Somewhere In that process of trust building  I watched the Netflix movie “Don’t Look Up”.  The premise of that movie is that soon a comet is going to smash into the earth.  All life will be destroyed.  In fact if you looked up you could see the comet in the sky.   Some people were panicking about the coming disaster and what to do about it.  Others (perhaps more) argued the point that the story of the comet was not true and their advice to deal with the coming disaster was simply to not “Look “Up.”  I suppose they were thinking that if you do not see the comets in life they simply do not exist.

I discovered that “Looking up” is a vocation and life stance whether I am retired or not.  And it requires a looking in as well as a looking out.   This brings up a question.  How can I “Look Up”, be totally appalled  by the situation and not allow the coming disaster to alienate me from those people who see the disaster differently or simply refuse to “Look Up”. 

“Looking Up” does not erase differences in priorities  or solve  conflicts in values or morals.  

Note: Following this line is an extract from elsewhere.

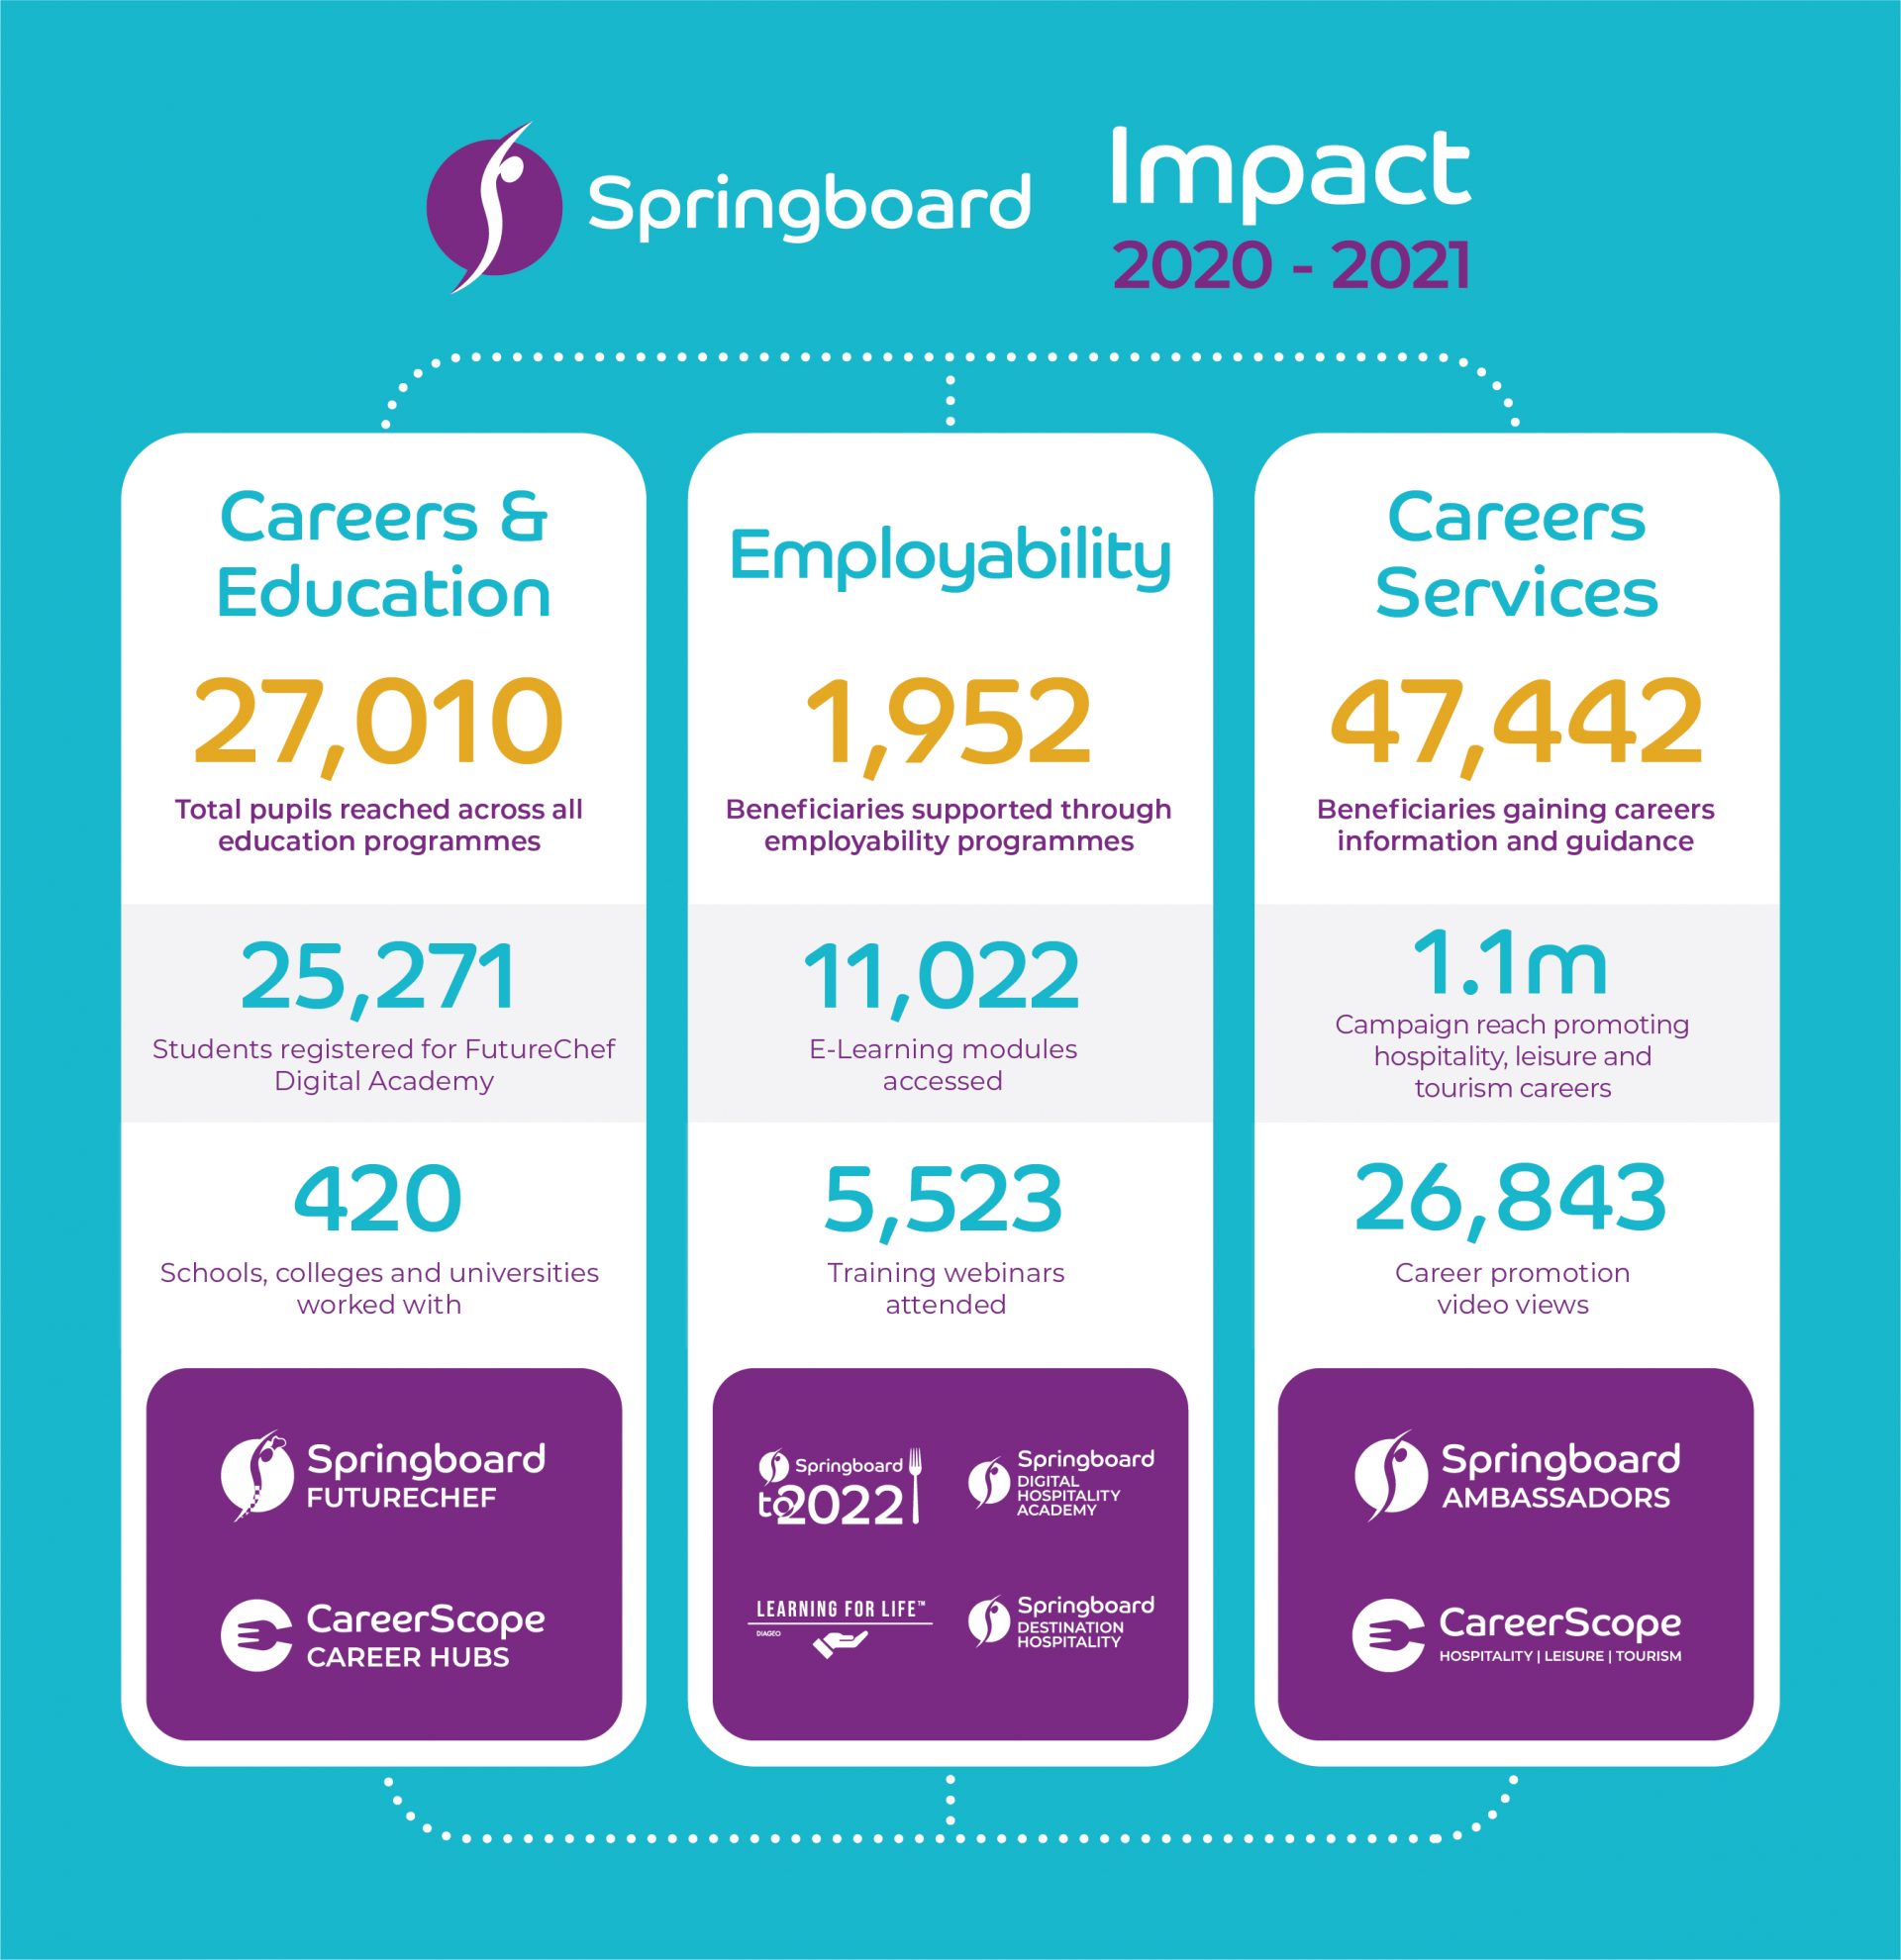 Springboard's Impact Report 2020-2021 Infographic

“Looking up” gives me a self  righteous point of view, but does not produce any solutions to the predicament.   Only actual conversations and understanding  of each other’s heart can bring that. This begins with knowing and sharing what is important to each of us,  and hearing the truth  that is the person in front of you.  I believe that those incidences of hearing are points of social and personal transformation that moves society forward.  It is also the personal juice that gives this retired “kept man” a reason to have a future.